In the entries that follow, the lines from the line containing "древний китай картинки" up to and including the line containing "帽子 レディース アウレリア" must be copied exactly, with pictures omitted.

Segment Start: Material shown

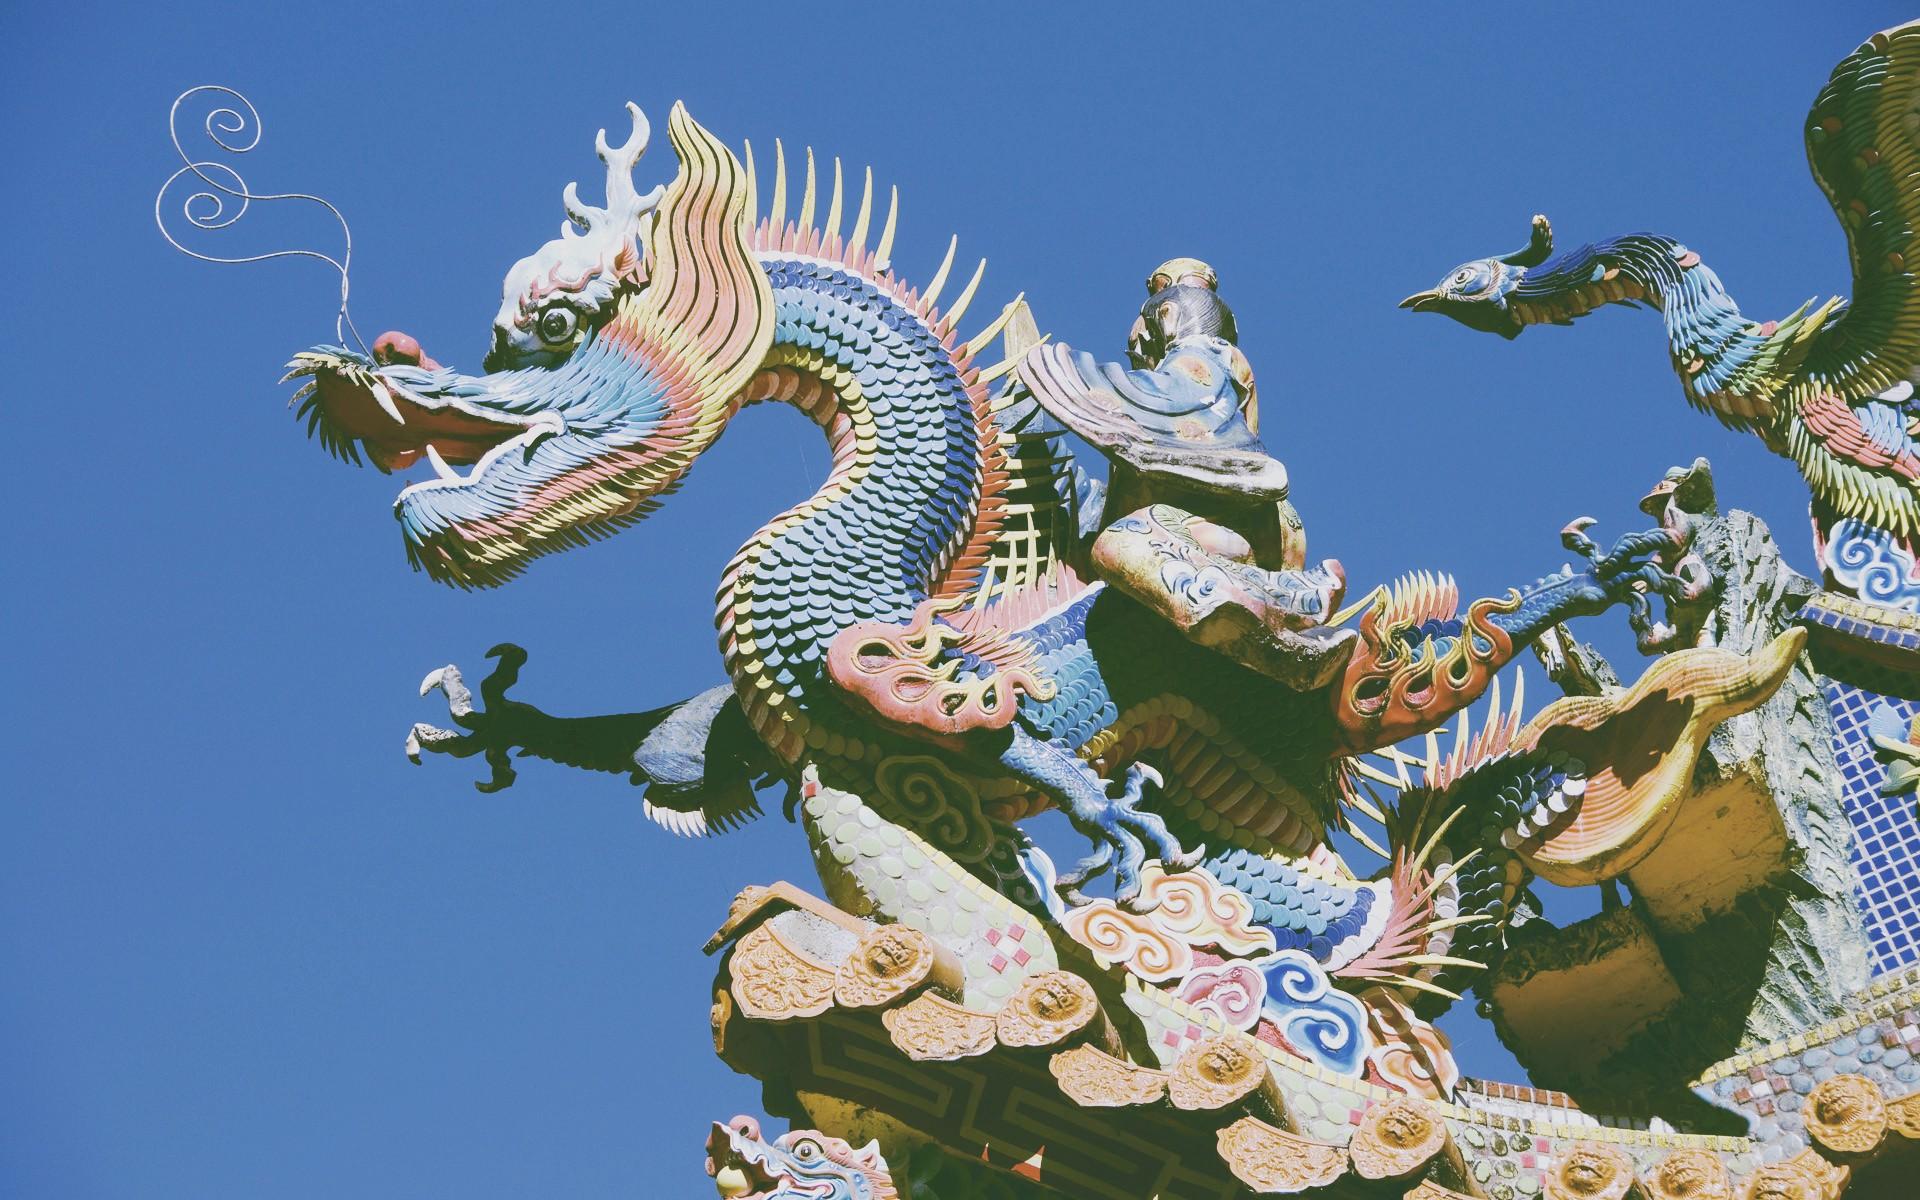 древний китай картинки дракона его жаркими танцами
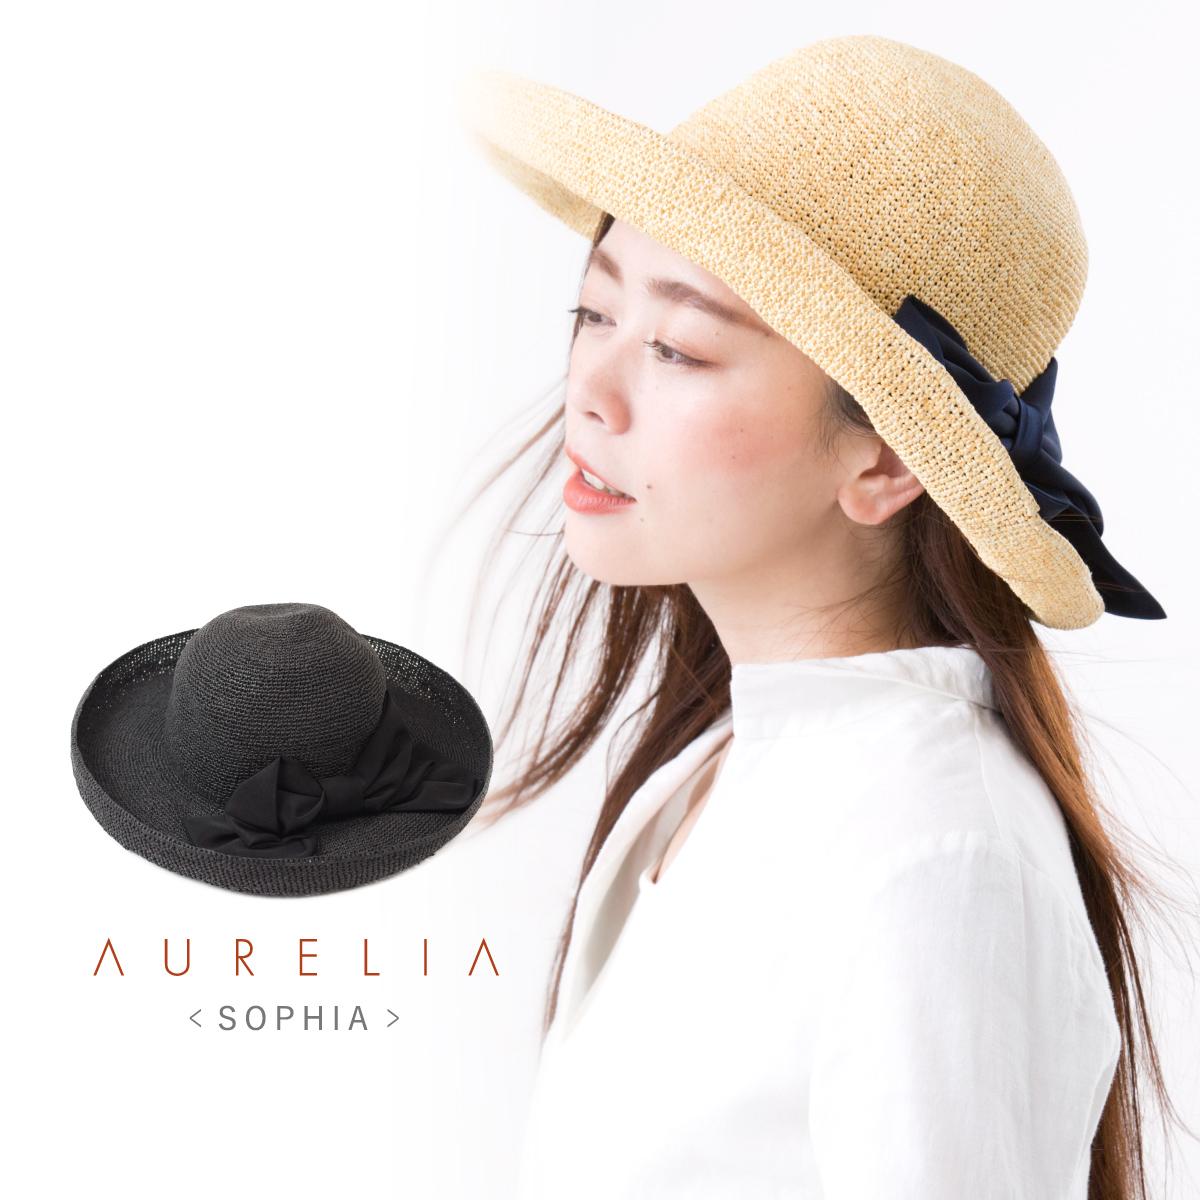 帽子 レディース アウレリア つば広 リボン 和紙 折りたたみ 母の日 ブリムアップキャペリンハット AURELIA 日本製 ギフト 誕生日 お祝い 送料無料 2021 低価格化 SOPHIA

Segment End: Material shown
Segment Start: Material shown

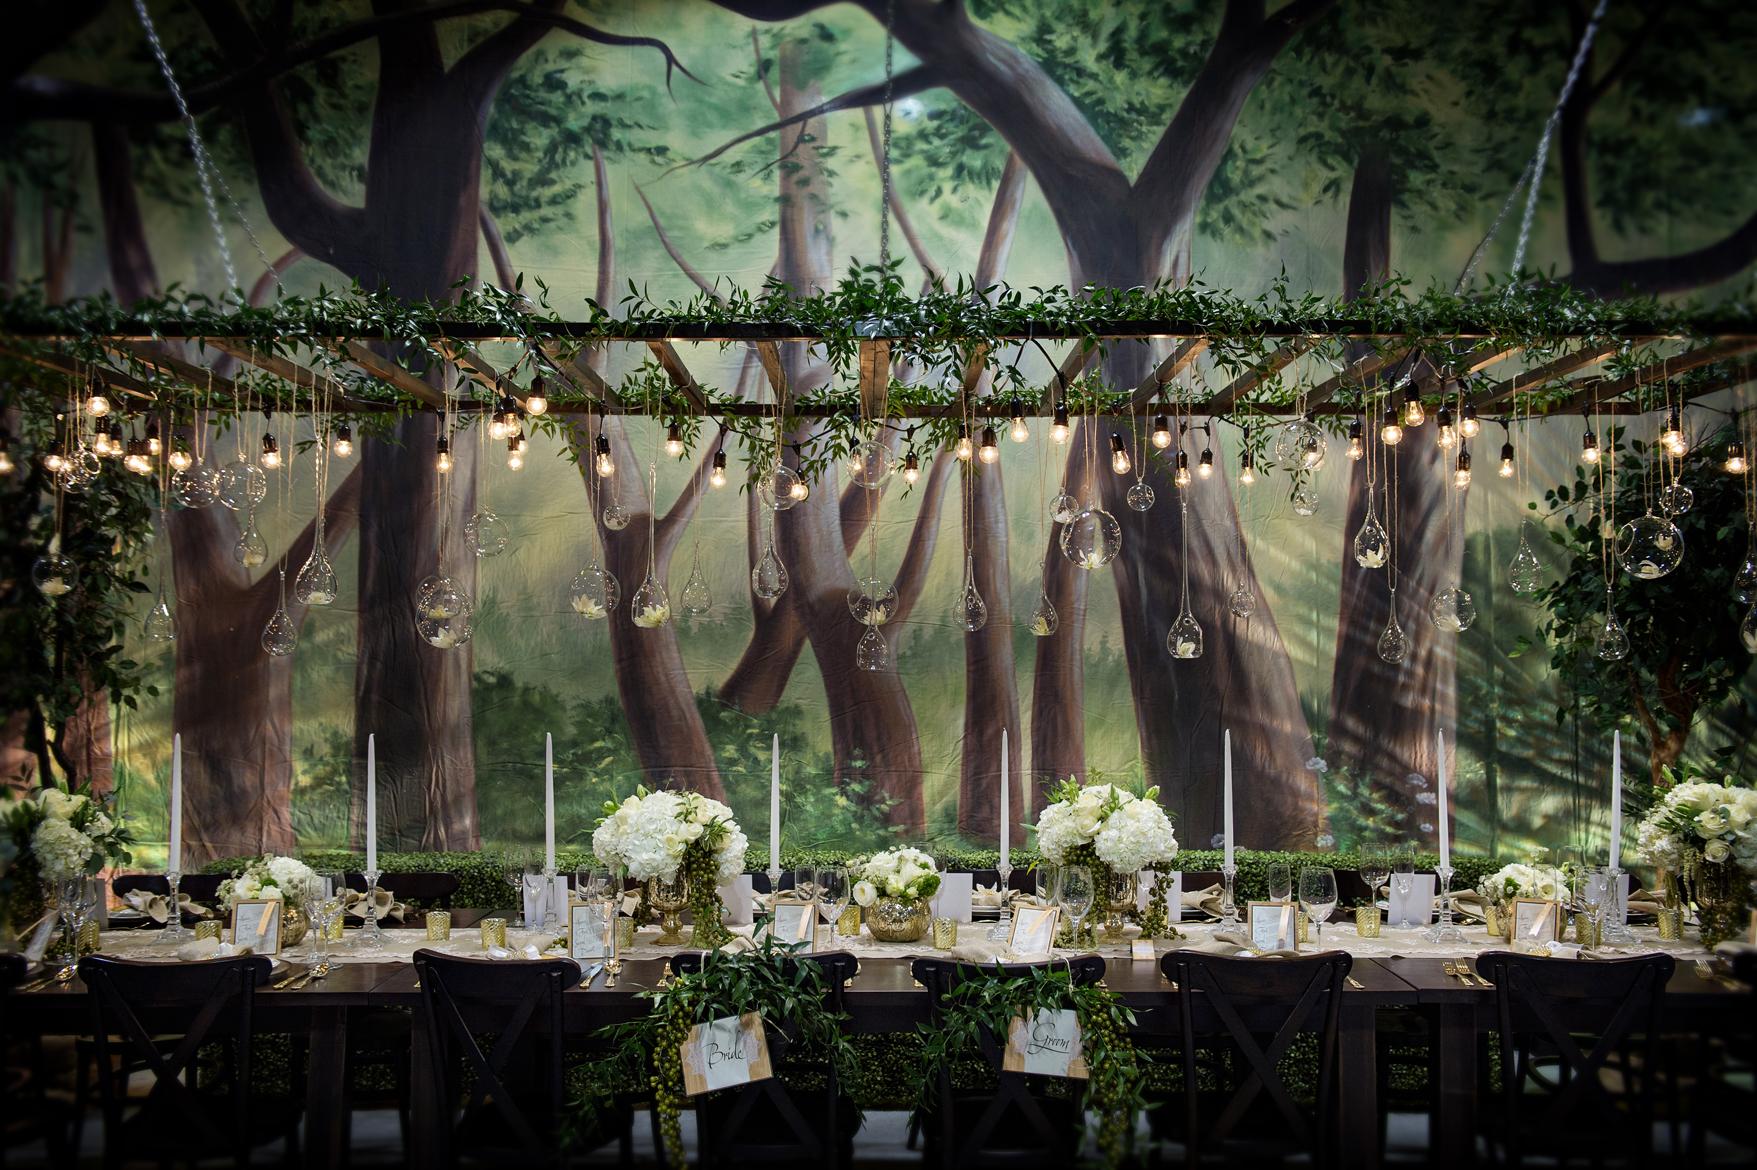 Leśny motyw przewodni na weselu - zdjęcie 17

Segment End: Material shown
Segment Start: Material shown

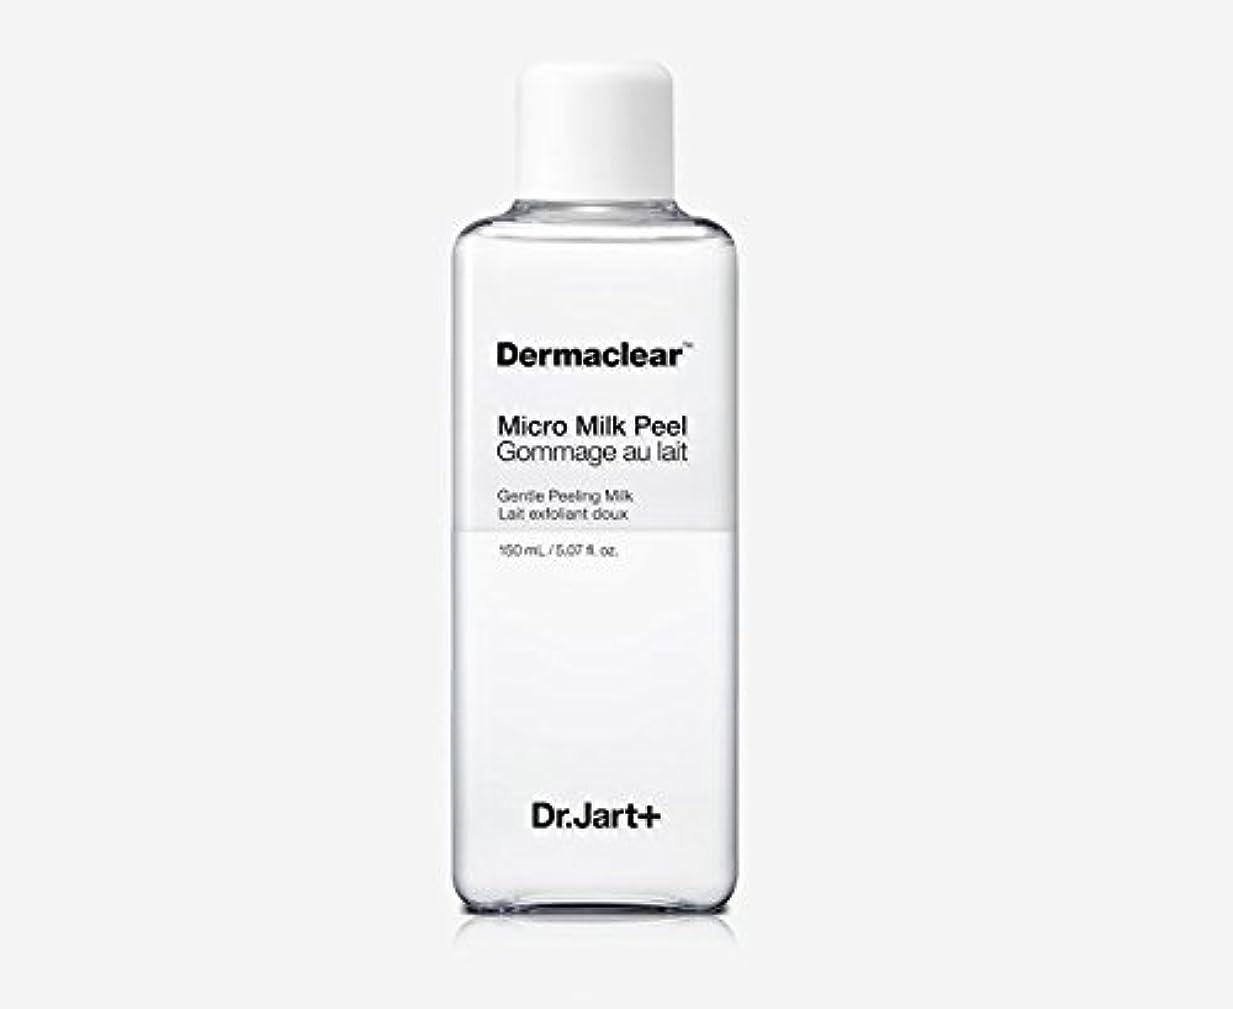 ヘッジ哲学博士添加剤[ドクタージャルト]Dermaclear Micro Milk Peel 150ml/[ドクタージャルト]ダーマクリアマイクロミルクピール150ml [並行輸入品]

Segment End: Material shown

> **Finished task**:
 древний китай картинки дракона его жаркими танцами
 帽子 レディース アウレリア つば広 リボン 和紙 折りたたみ 母の日 ブリムアップキャペリンハット AURELIA 日本製 ギフト 誕生日 お祝い 送料無料 2021 低価格化 SOPHIA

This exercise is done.